A TEENAGER who it is claimed was unlawfully killed by British troops in Iraq had been tortured and hanged, his uncle has said.
Khudur Al-Swaiedi said he was present when body bags handed back by British forces were taken to hospital and opened, describing the scene as an “inhuman catastrophe”.
Mr Al-Swaiedi, 48, is giving evidence to the Al-Sweady Public Inquiry, which is examining claims that UK soldiers killed detainees after the “Battle of Danny Boy” in Iraq in May 2004.
It is alleged that Iraqis were unlawfully killed at Camp Abu Naji (CAN) near Majar-al-Kabir on 14 and 15 May 2004, and detainees were ill-treated there and at Shaibah Logistics Base.

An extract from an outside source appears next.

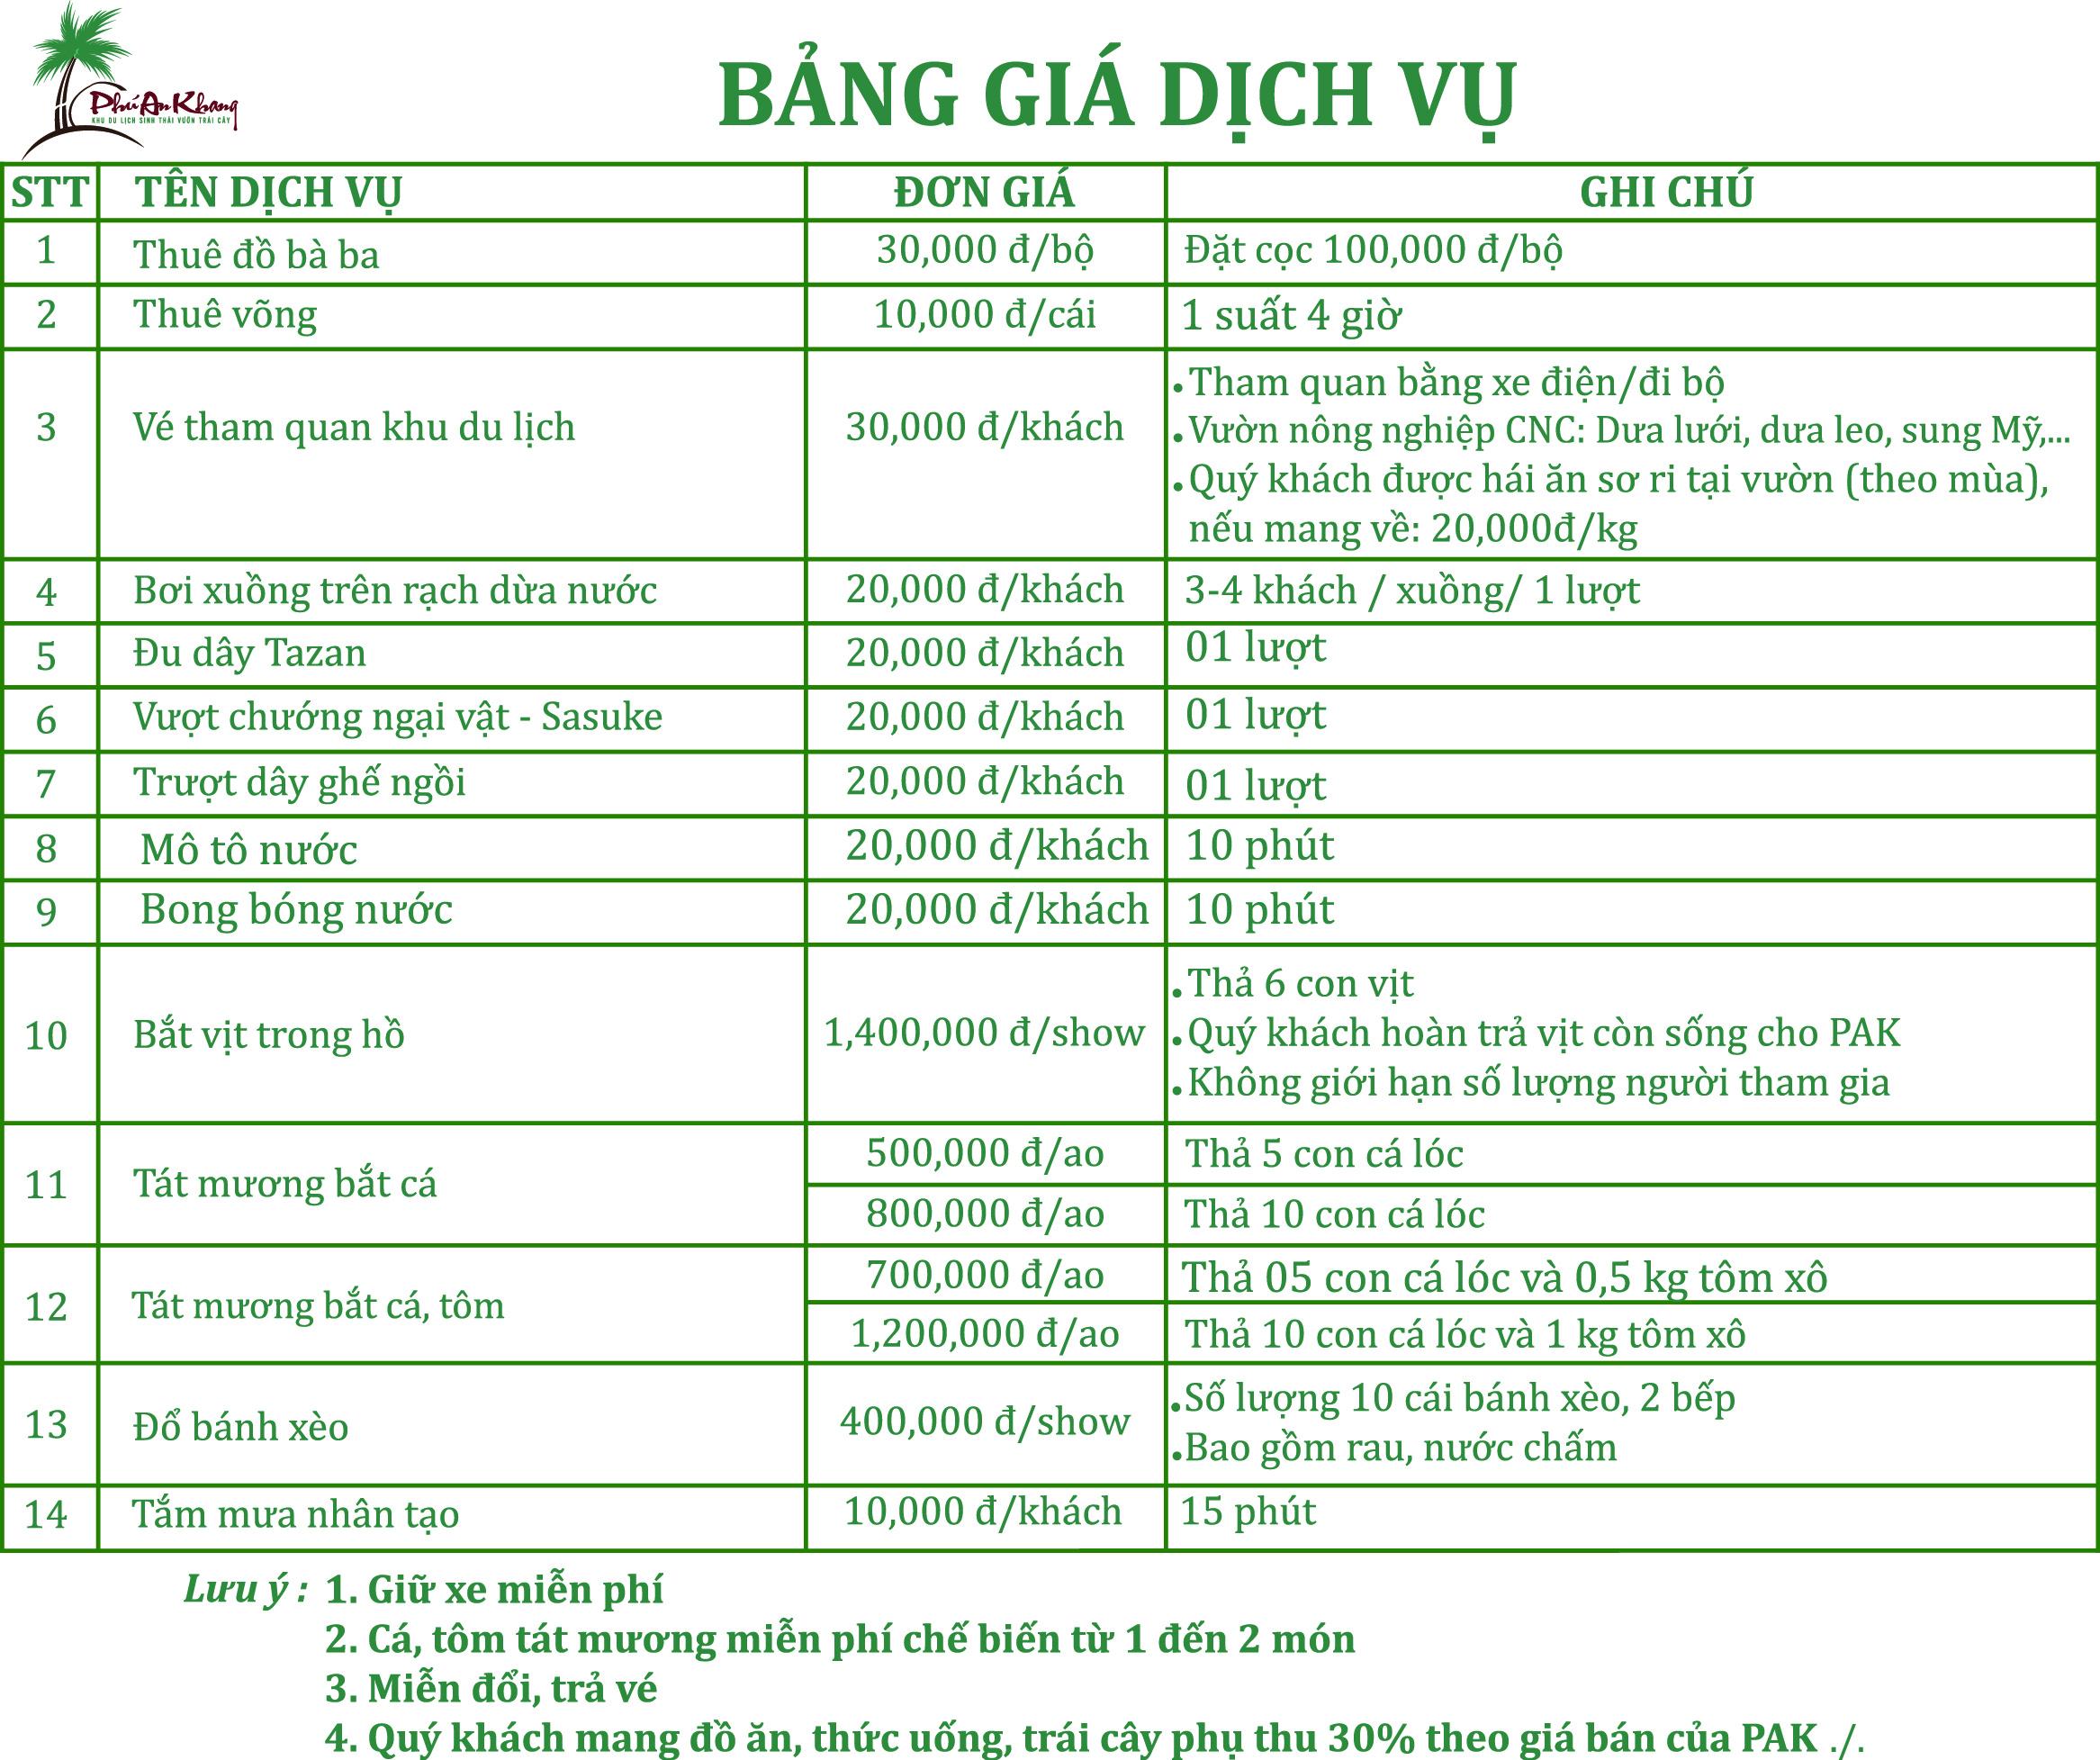 bảng giá dịch vụ khu du lịch Phú An Khang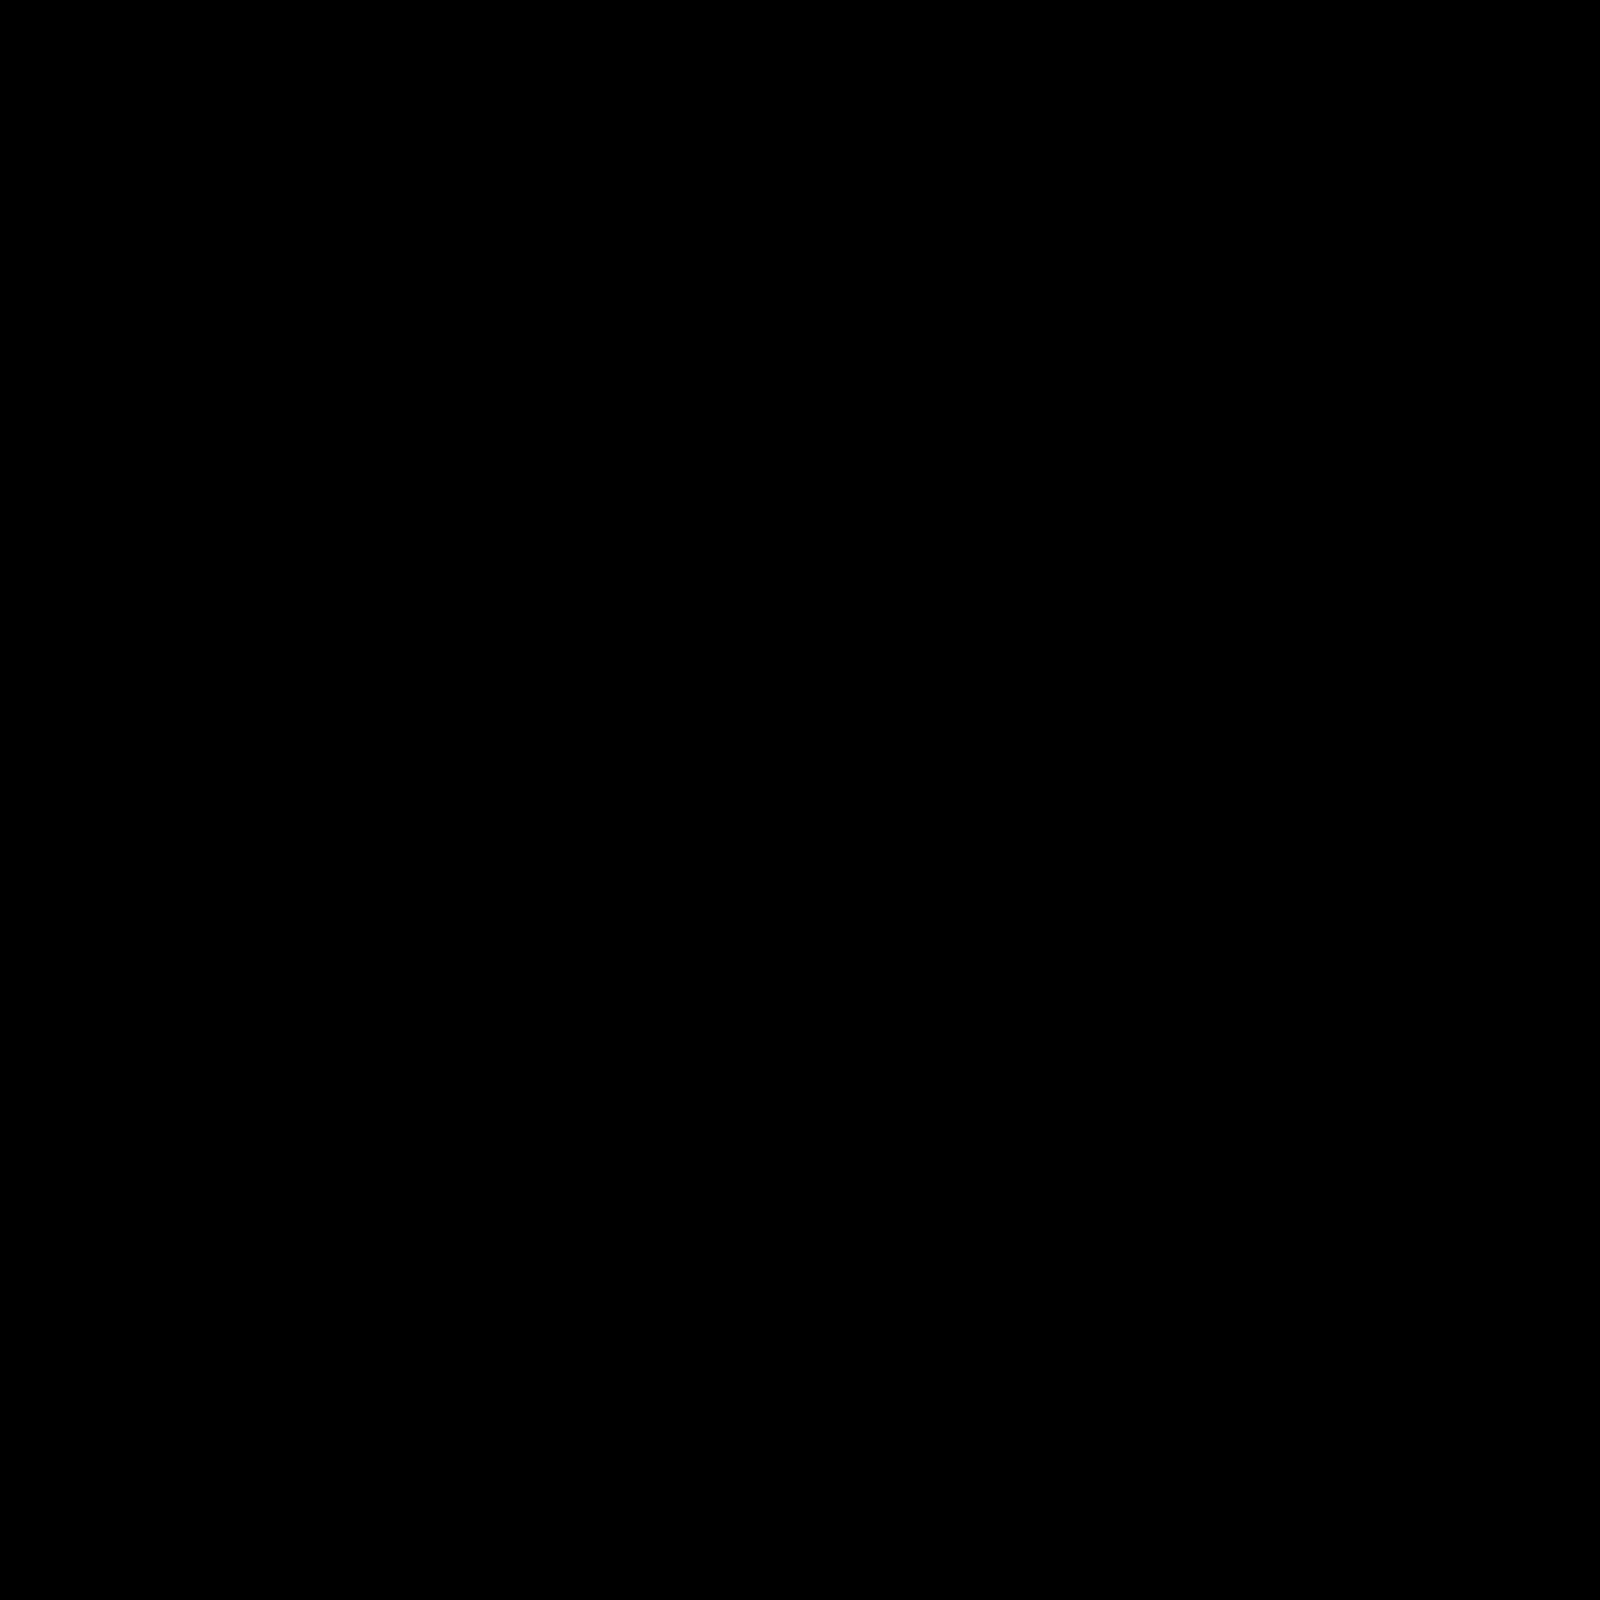 信箱关闭标志向上 icon. A mailbox with a horizontal slit on the door and a handle on one of the sides. The handle is raised high. The front profile of the box is rectangular down below and rounded up top, like a house door. From the side, it has a rectangular profile. The entire box is on top of a slim post.

The claims are denied by the Ministry of Defence (MoD), which says those who died were killed on the battlefield.
Mr Al-Swaiedi, said he washed the body of 19-year-old Hamid after it had been handed back by British forces.
In the first of two witness statements, made in July 2010, and released yesterday as he appeared at the inquiry, he said he found signs of torture on the teenager, including a boot-shaped bruise on his forehead, as well as a broken arm and bullet wounds. There were also signs he had been hanged.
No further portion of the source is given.